** Work required **
In the records that follow, find the line containing "Judy Blue Wren" and the line containing "SUBWAY ビッグサイズ ロゴプリント", then transcribe both and every line between them exactly, omitting pictures.

** Extracted material **
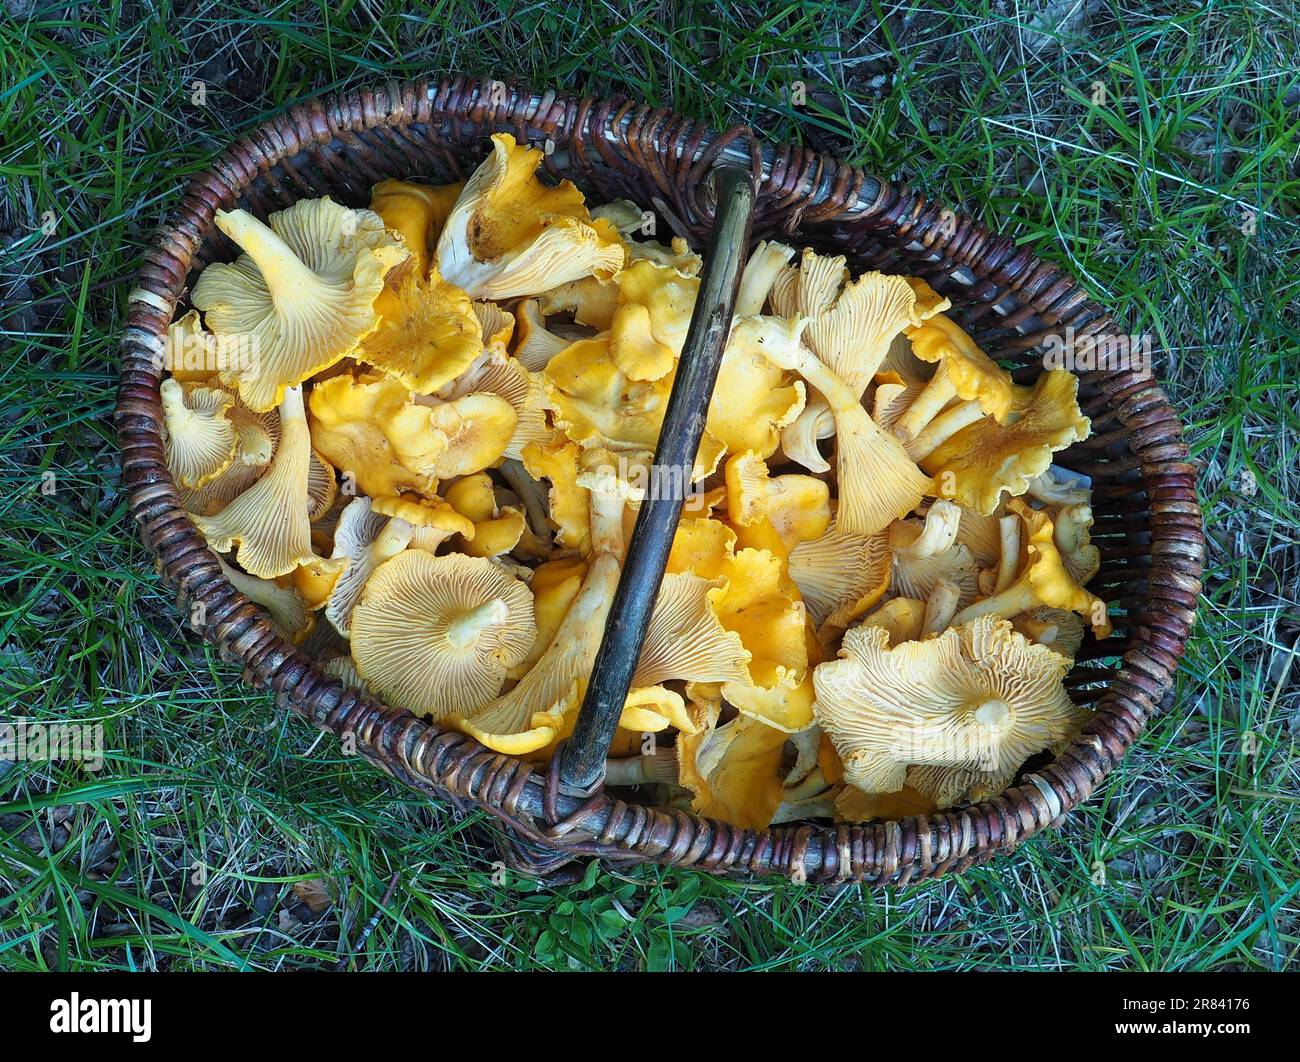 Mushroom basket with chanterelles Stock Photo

==

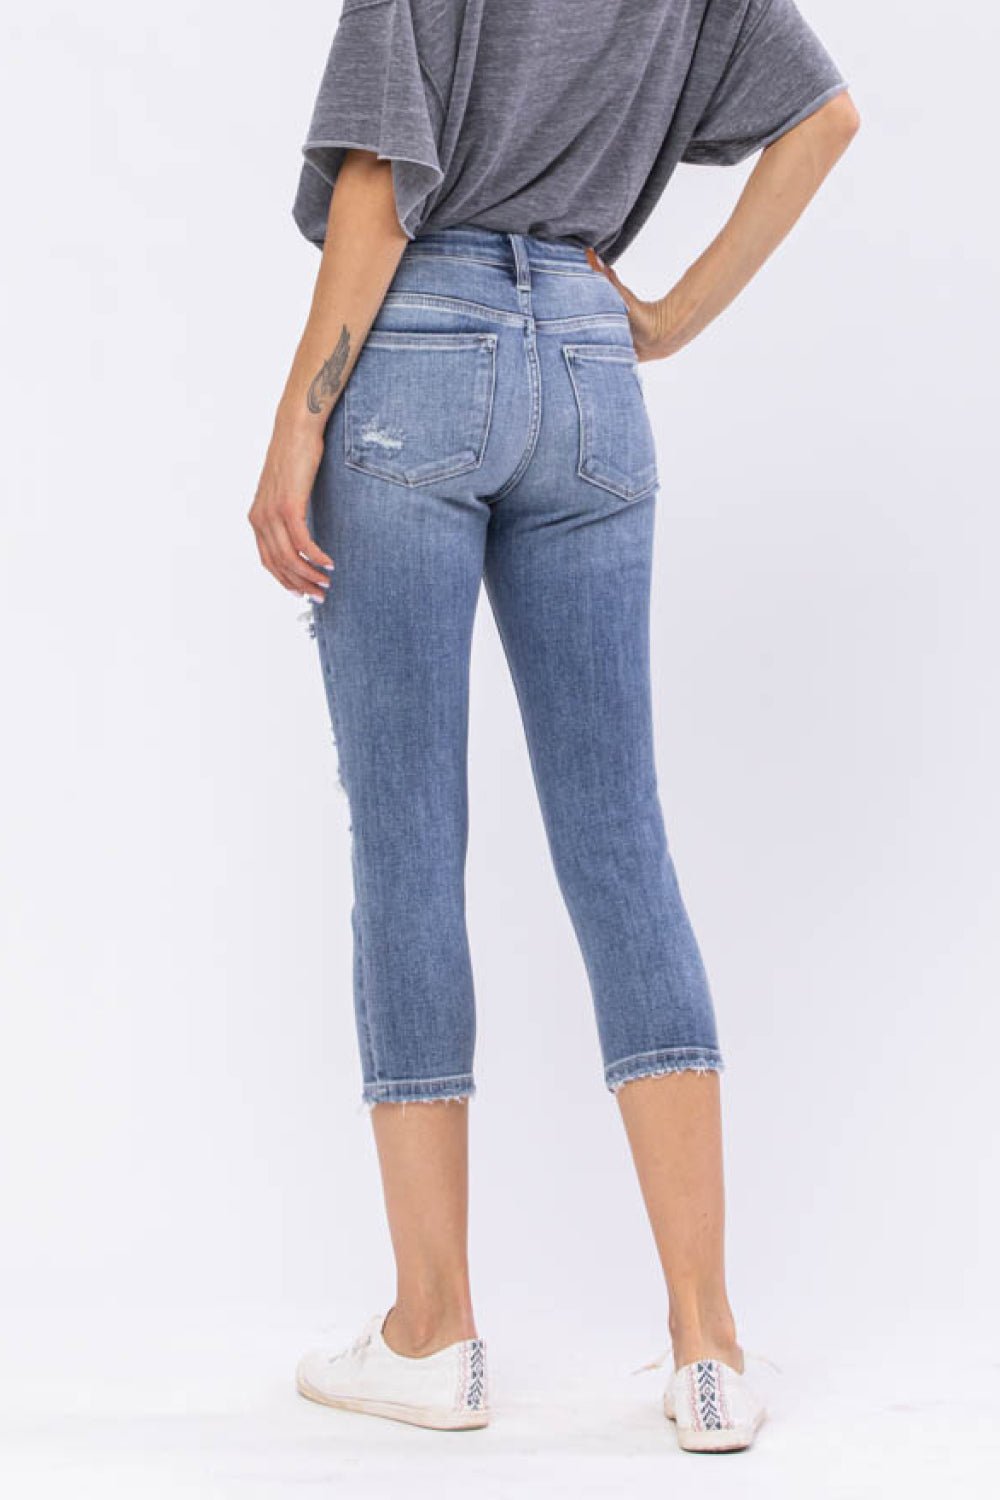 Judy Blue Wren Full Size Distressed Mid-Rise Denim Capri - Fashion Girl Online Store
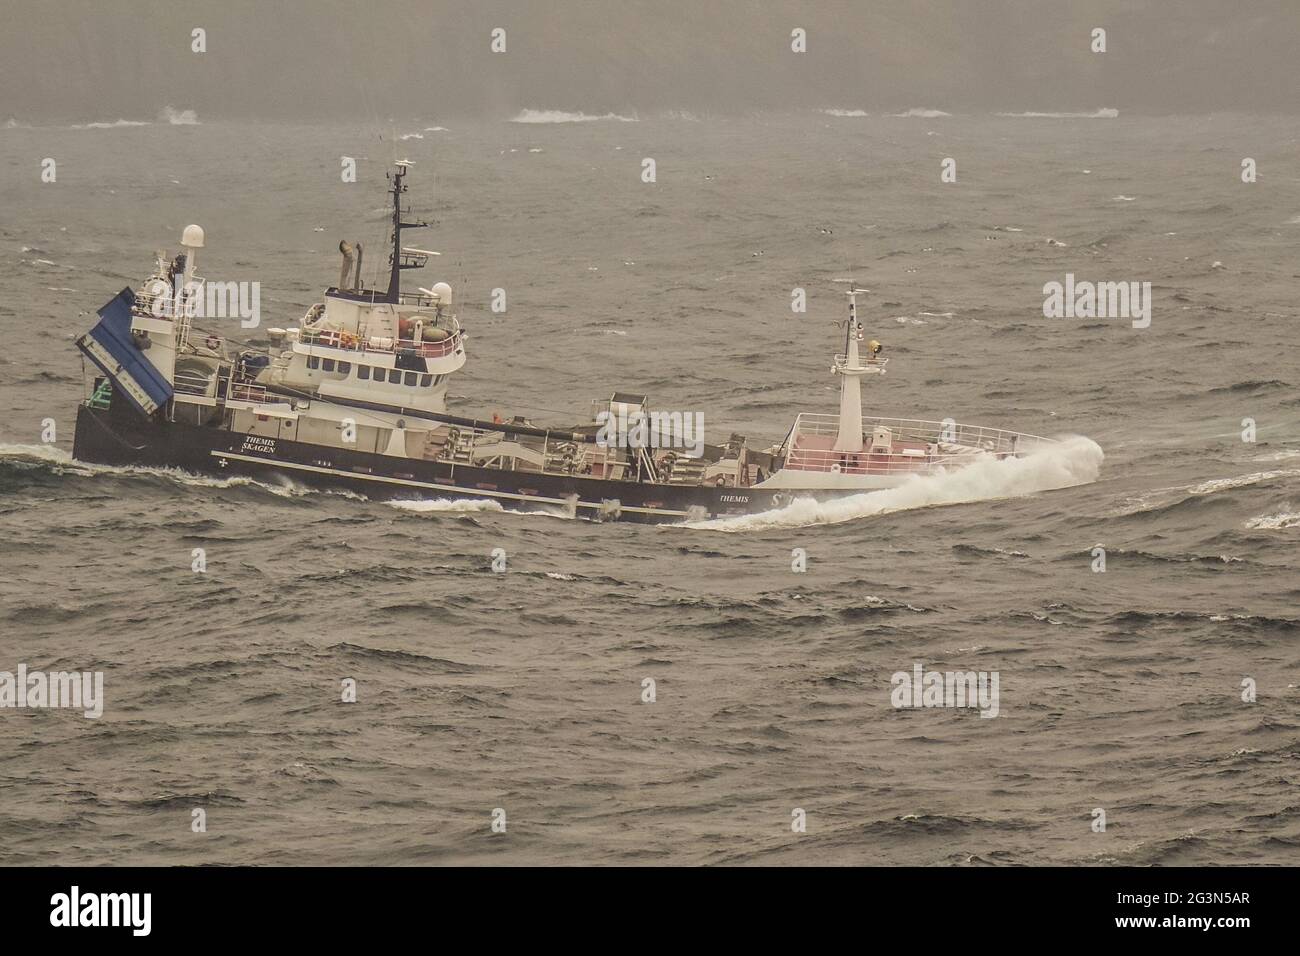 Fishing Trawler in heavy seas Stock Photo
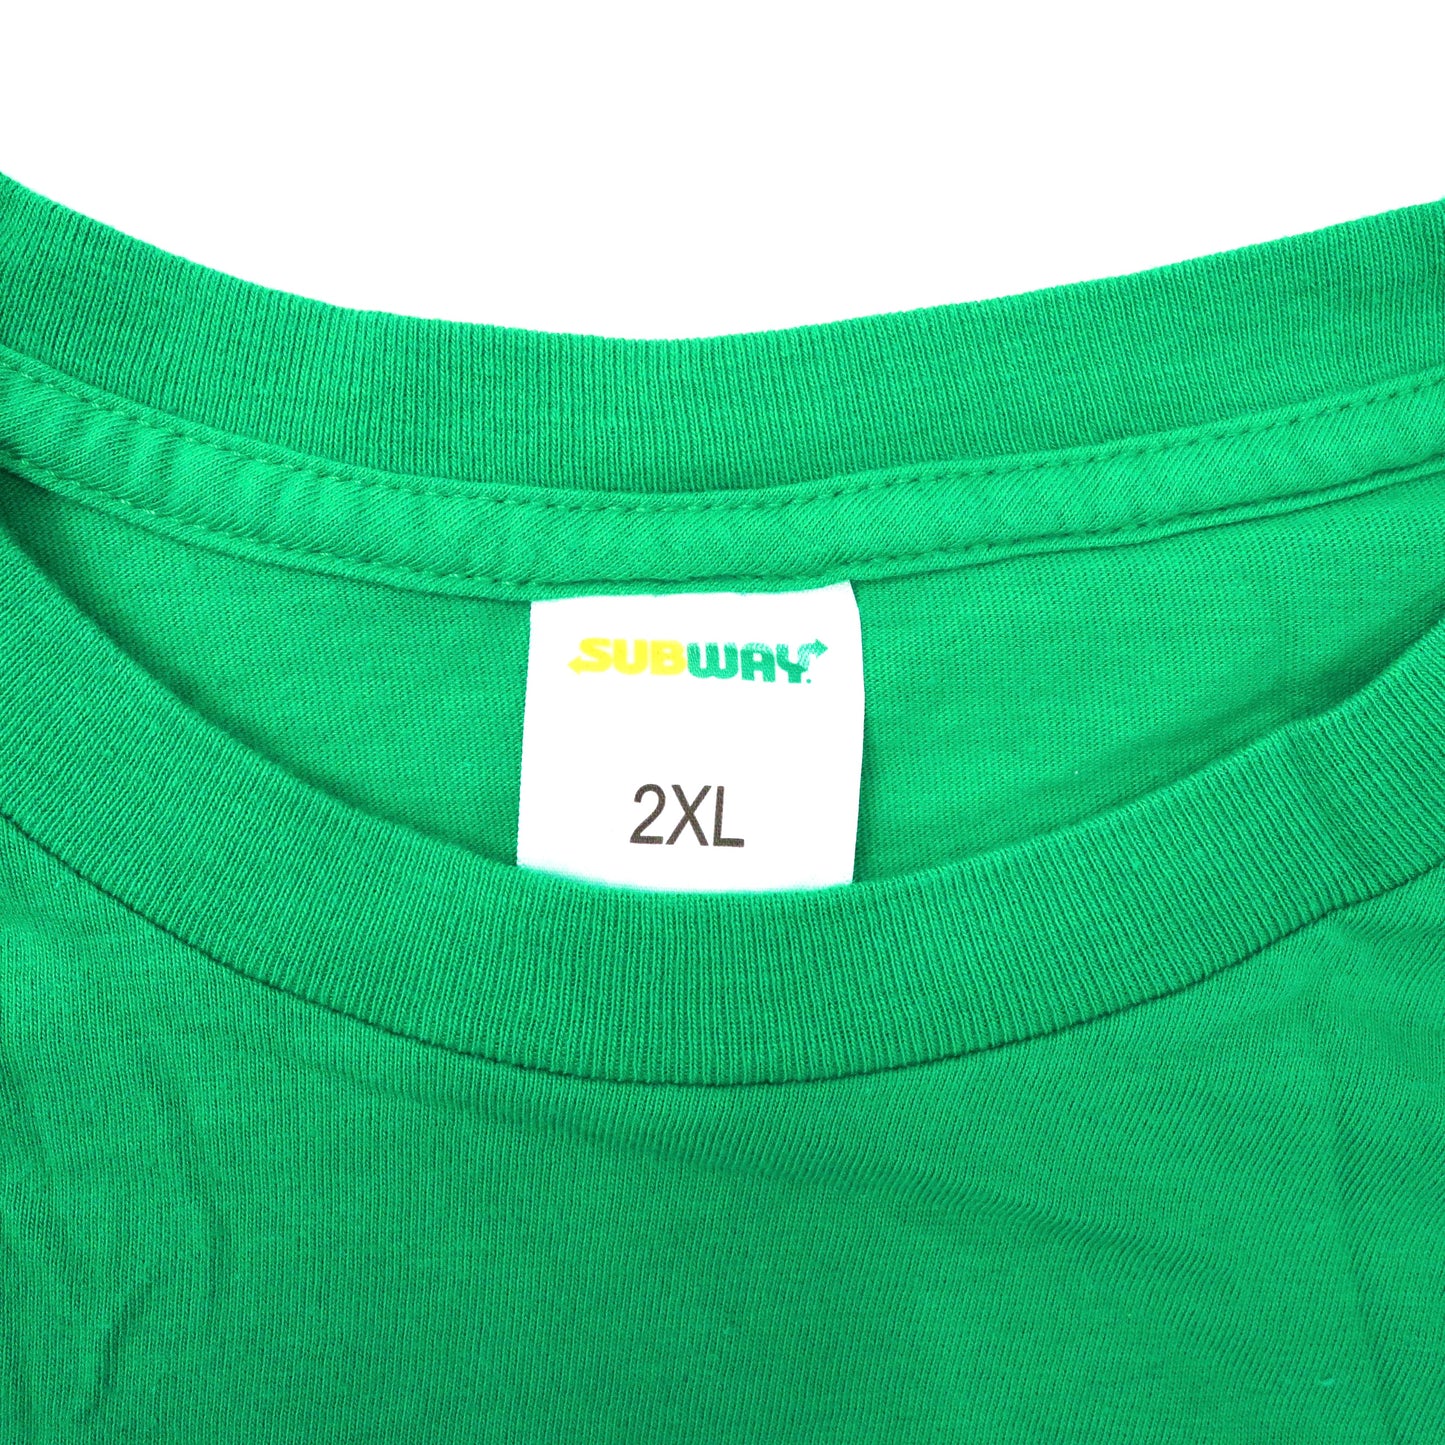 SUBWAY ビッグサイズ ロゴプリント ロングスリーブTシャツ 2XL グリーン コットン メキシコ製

--

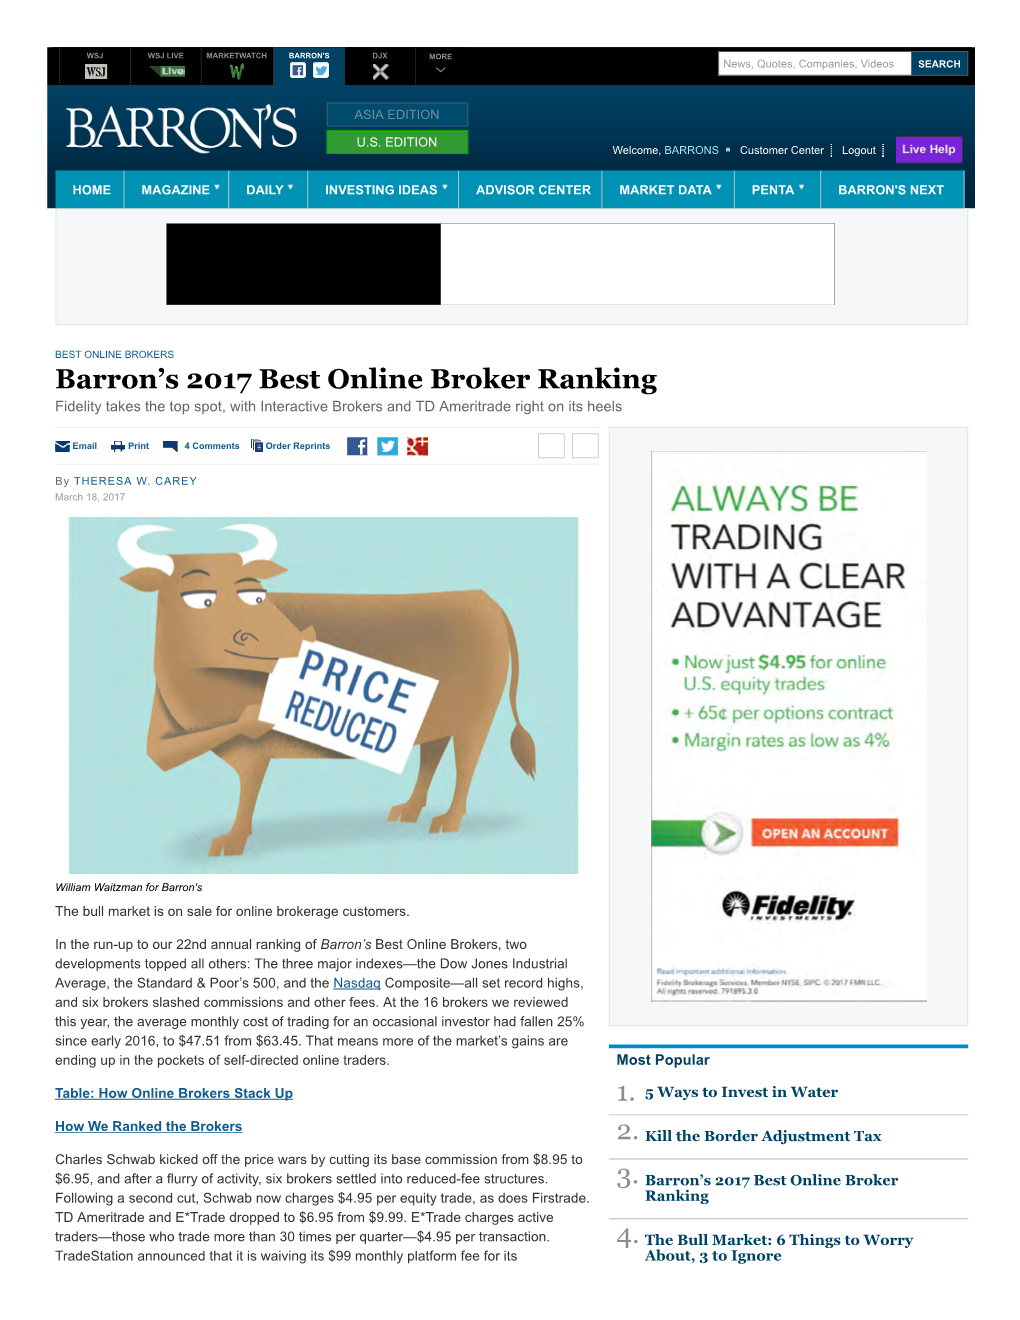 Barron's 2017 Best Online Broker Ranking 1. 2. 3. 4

** Task solution **
 Judy Blue Wren Full Size Distressed Mid-Rise Denim Capri - Fashion Girl Online Store
 Fishing Trawler in heavy seas Stock Photo
 SUBWAY ビッグサイズ ロゴプリント ロングスリーブTシャツ 2XL グリーン コットン メキシコ製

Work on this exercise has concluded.